CREATE=$(admin_call POST /cp/admin/orgs \
-d "{\"slug\":\"$SLUG\",\"name\":\"E2E $SLUG\",\"owner_user_id\":\"e2e-runner:$SLUG\"}")
ORG_ID=$(echo "$CREATE" | python3 -c "import json,sys;print(json.load(sys.stdin).get('id',''))" 2>/dev/null || echo "")
[ -z "$ORG_ID" ] && fail "org create missing id: $CREATE"
ok "org created id=$ORG_ID"
# ─── 2. wait for tenant running ──────────────────────────────────────────────
log "2/6 waiting for tenant provisioning (≤${PROVISION_TIMEOUT_SECS}s)"
DEADLINE=$(( $(date +%s) + PROVISION_TIMEOUT_SECS )); LAST=""
while true; do
[ "$(date +%s)" -gt "$DEADLINE" ] && exit 3
S=$(admin_call GET /cp/admin/orgs 2>/dev/null | python3 -c "
import json,sys
for o in json.load(sys.stdin).get('orgs',[]):
if o.get('slug')=='$SLUG': print(o.get('instance_status','')); break
" 2>/dev/null || echo "")
[ "$S" != "$LAST" ] && { log " status → $S"; LAST="$S"; }
case "$S" in running) break;; failed) fail "tenant provisioning failed";; *) sleep 15;; esac
done
ok "tenant running"
# tenant URL + token
CP_HOST=$(echo "$CP_URL" | sed -E 's#^https?://##; s#/.*$##')
case "$CP_HOST" in
api.*) DOM="${CP_HOST#api.}" ;;
staging-api.*) DOM="staging.${CP_HOST#staging-api.}" ;;
*) DOM="$CP_HOST" ;;
esac
TENANT_URL="https://$SLUG.${MOLECULE_TENANT_DOMAIN:-$DOM}"

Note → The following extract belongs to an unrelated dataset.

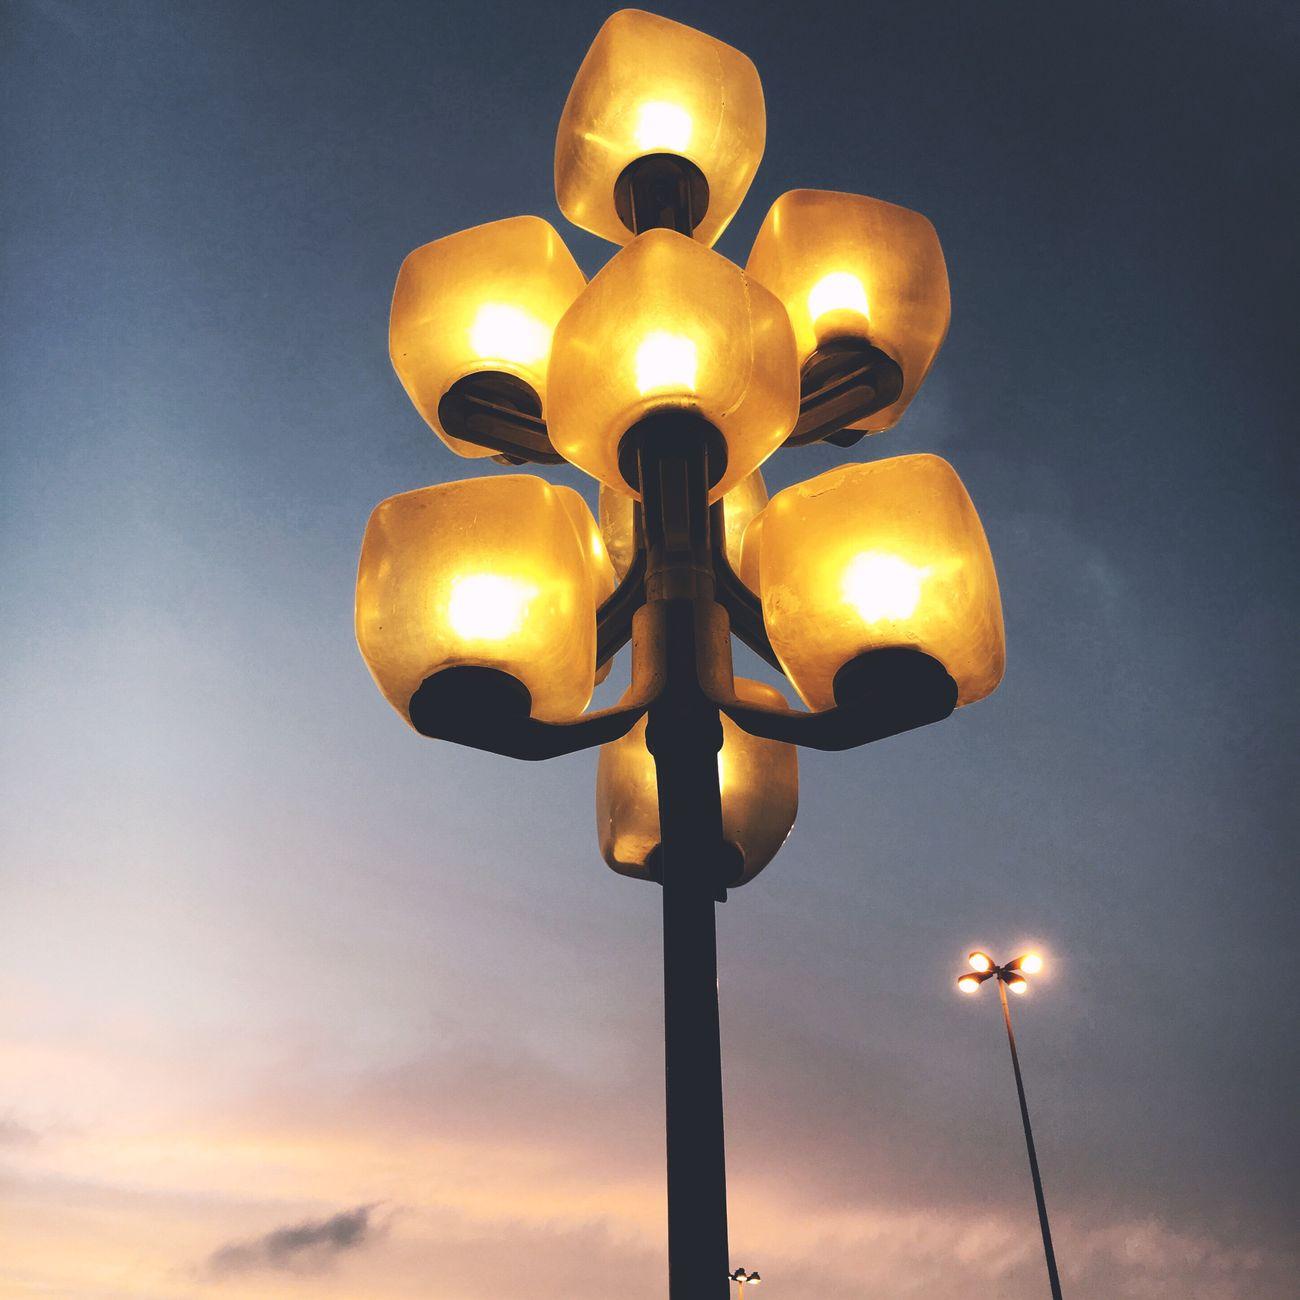 Light Lightpost Jeddah Saudi Arabia Albalad Balad EyeEm IPhoneography Photo Of The Day Photography Photooftheday Eyemphotography EyeEm Gallery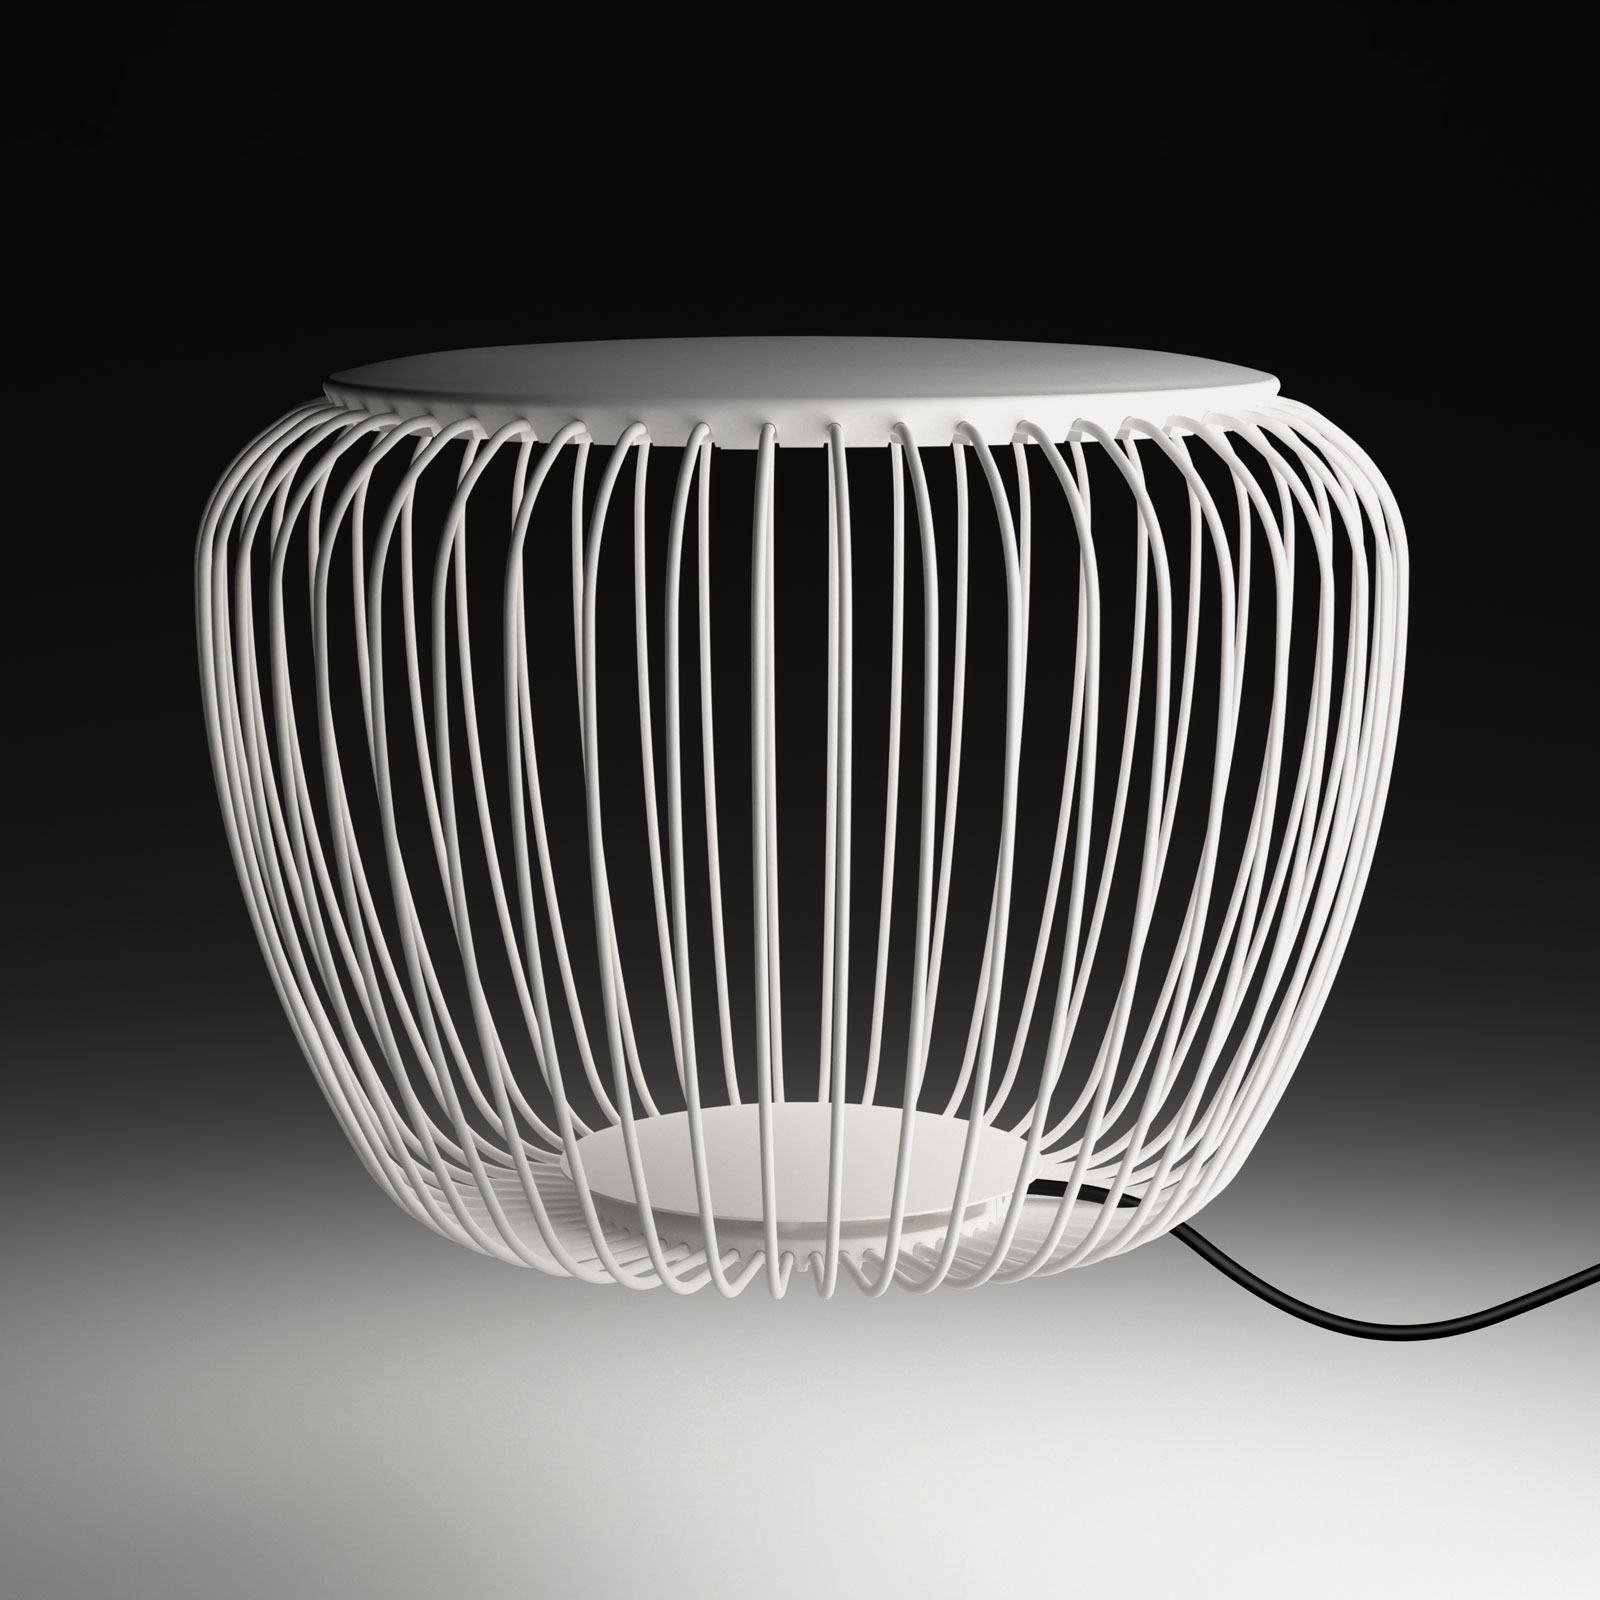 Vibia Meridiano 4710 lampe ext., Ø 64cm, crème

TENANT_TOKEN=$(admin_call GET "/cp/admin/orgs/$SLUG/admin-token" \
| python3 -c "import json,sys;print(json.load(sys.stdin).get('admin_token',''))" 2>/dev/null || echo "")
[ -z "$TENANT_TOKEN" ] && fail "no per-tenant admin token"
log "3/6 tenant token ok; waiting for TLS at $TENANT_URL"
TLS_DEADLINE=$(( $(date +%s) + 900 ))
until curl -sSfk --max-time 5 "$TENANT_URL/health" >/dev/null 2>&1; do
[ "$(date +%s)" -gt "$TLS_DEADLINE" ] && fail "tenant /health never 2xx in 15m"; sleep 5
done
ok "tenant reachable"
tenant_call() { local m="$1" p="$2"; shift 2; curl "${CURL_COMMON[@]}" -X "$m" "$TENANT_URL$p" \
-H "Authorization: Bearer $TENANT_TOKEN" -H "X-Molecule-Org-Id: $ORG_ID" -H "Origin: $TENANT_URL" "$@"; }
# ─── 4. provision a fresh seo-agent workspace ────────────────────────────────
log "4/6 provisioning a fresh '$SEO_TEMPLATE' workspace"
WS=$(tenant_call POST /workspaces --max-time 90 \
-H "Content-Type: application/json" \
-d "{\"name\":\"seo-delivery-e2e\",\"runtime\":\"claude-code\",\"template\":\"$SEO_TEMPLATE\"}")
WID=$(echo "$WS" | python3 -c "import json,sys;print(json.load(sys.stdin).get('id',''))" 2>/dev/null || echo "")
[ -z "$WID" ] && fail "workspace create missing id: $WS"
ok "seo-agent workspace id=$WID"
# poll online — ASSERTION A (catches MISSING_MODEL fail-closed)
log "5/6 waiting for seo-agent online (≤${PROVISION_TIMEOUT_SECS}s)"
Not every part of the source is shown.